SUPPLIED DATA:
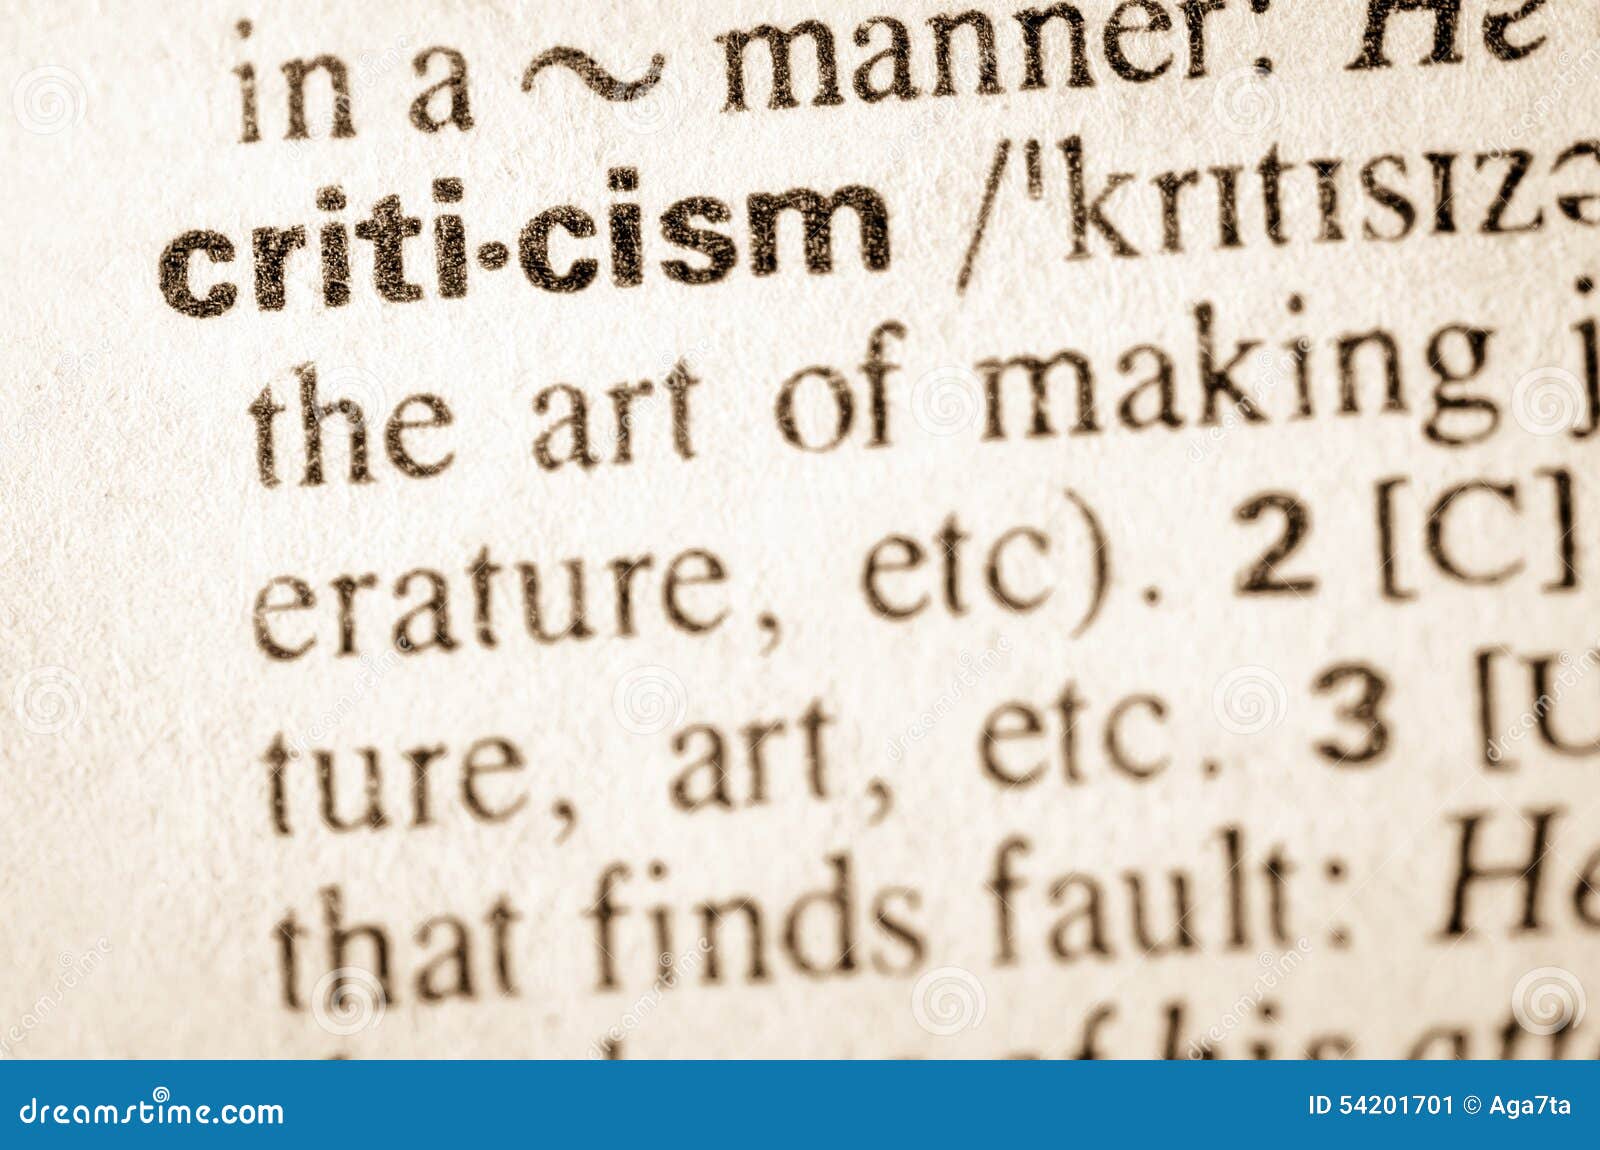 define the criticism
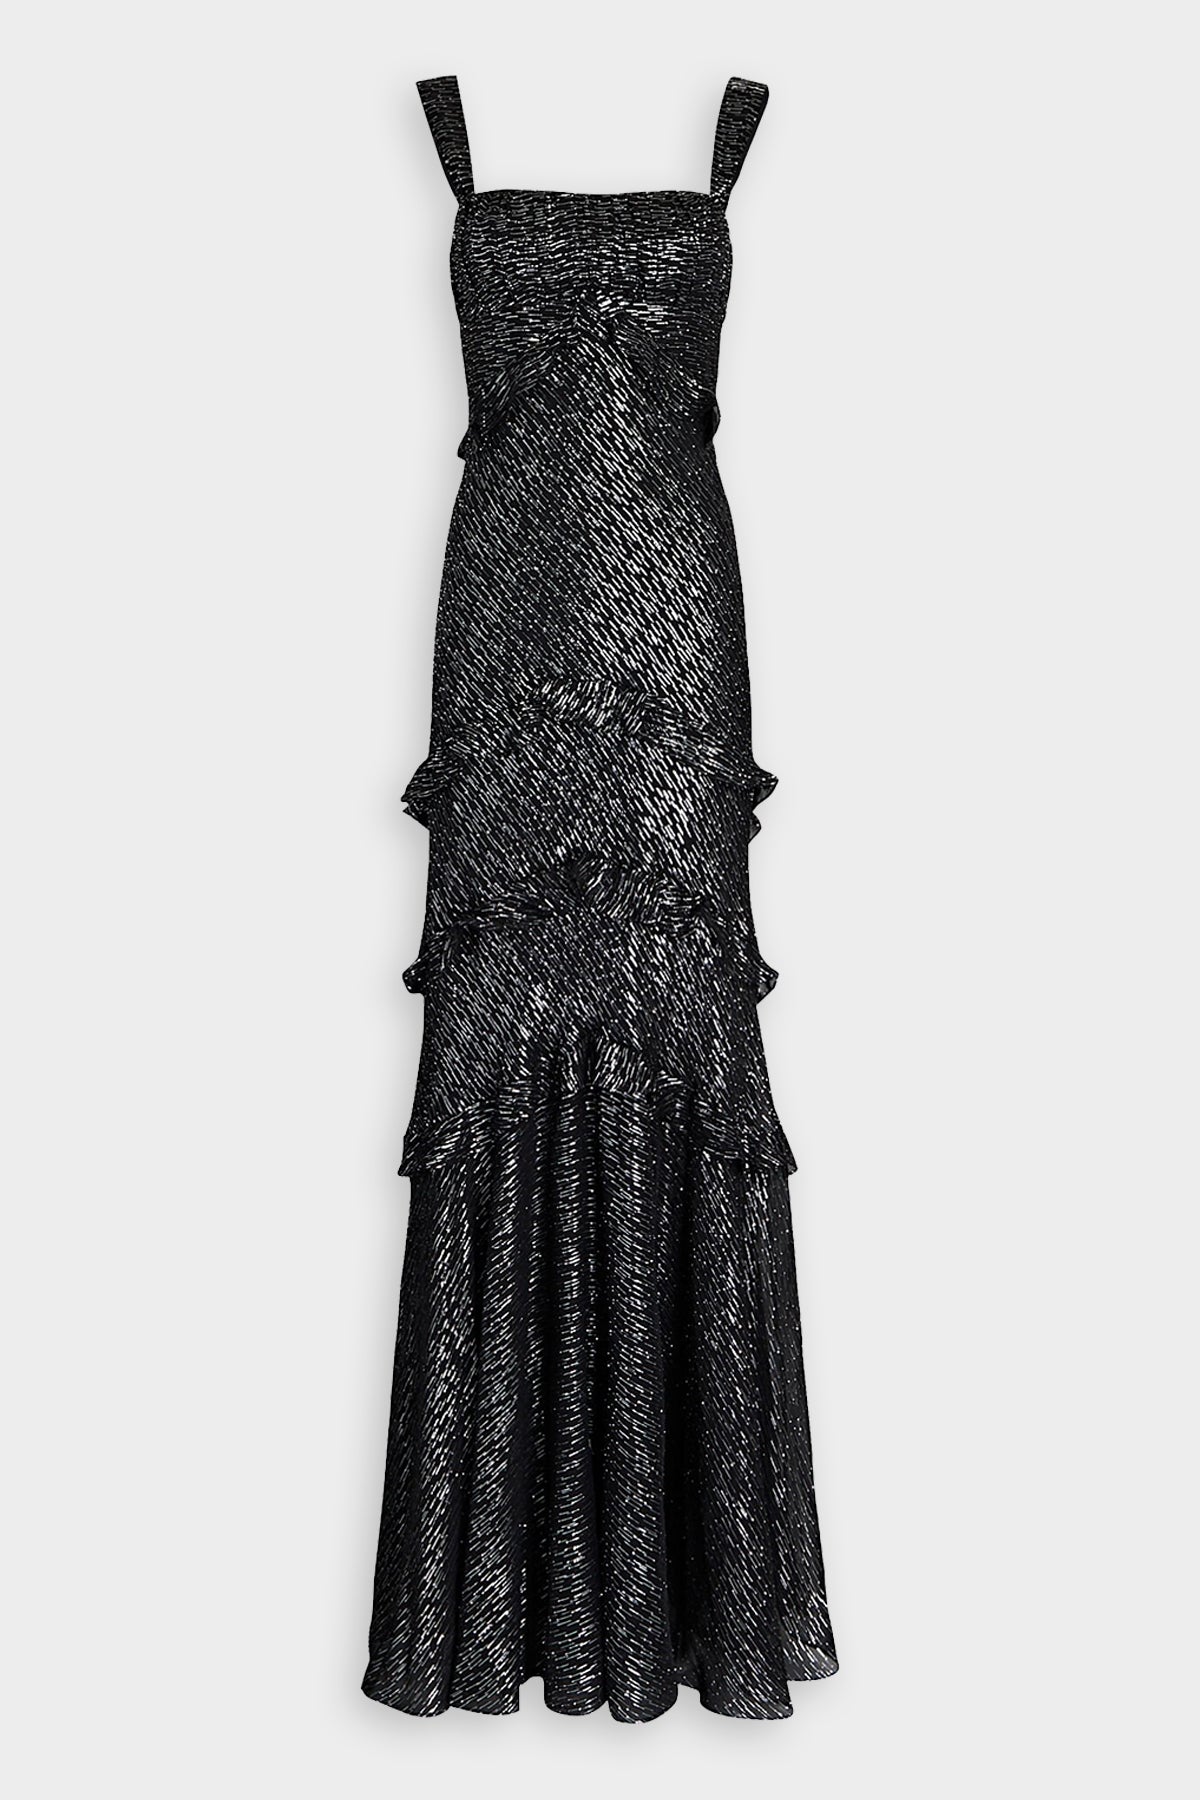 Chandra Dress in Black Silver - shop-olivia.com
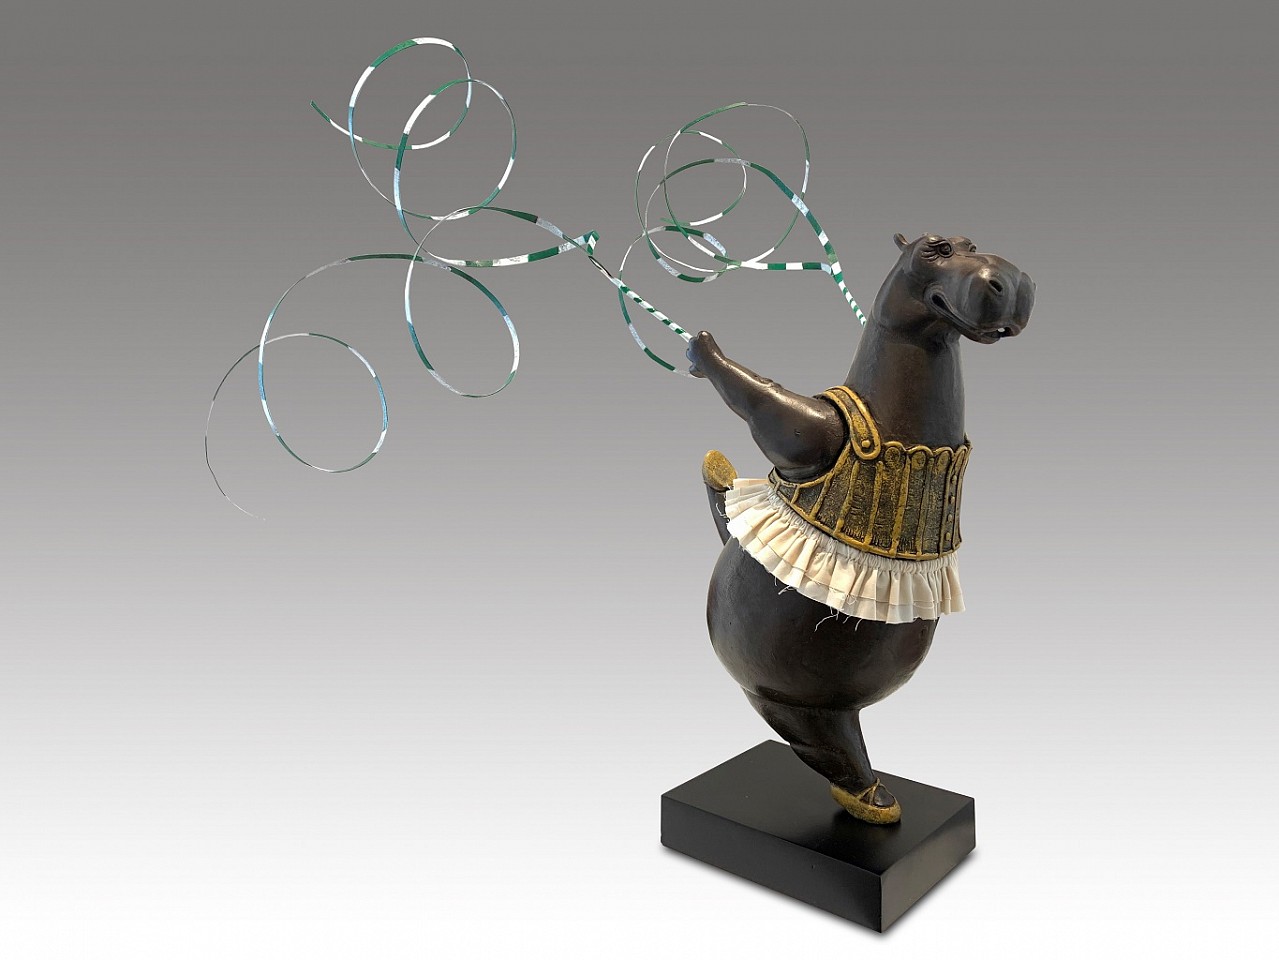 Bjorn Skaarup, Hippo Circus Ribbon Dancer, Ed. of 9, 2021
bronze, 16 x 18 x 15 in. (40.6 x 45.7 x 38.1 cm)
BS211203

WORK TO COMPLETE:
A verbatim copy of every record is to be produced, and pictures are to be excluded from it.

RESULT FOR THIS EXERCISE:
 define the criticism
 Chandra Dress in Black Silver - shop-olivia.com
 Bjorn Skaarup, Hippo Circus Ribbon Dancer, Ed. of 9, 2021
bronze, 16 x 18 x 15 in. (40.6 x 45.7 x 38.1 cm)
BS211203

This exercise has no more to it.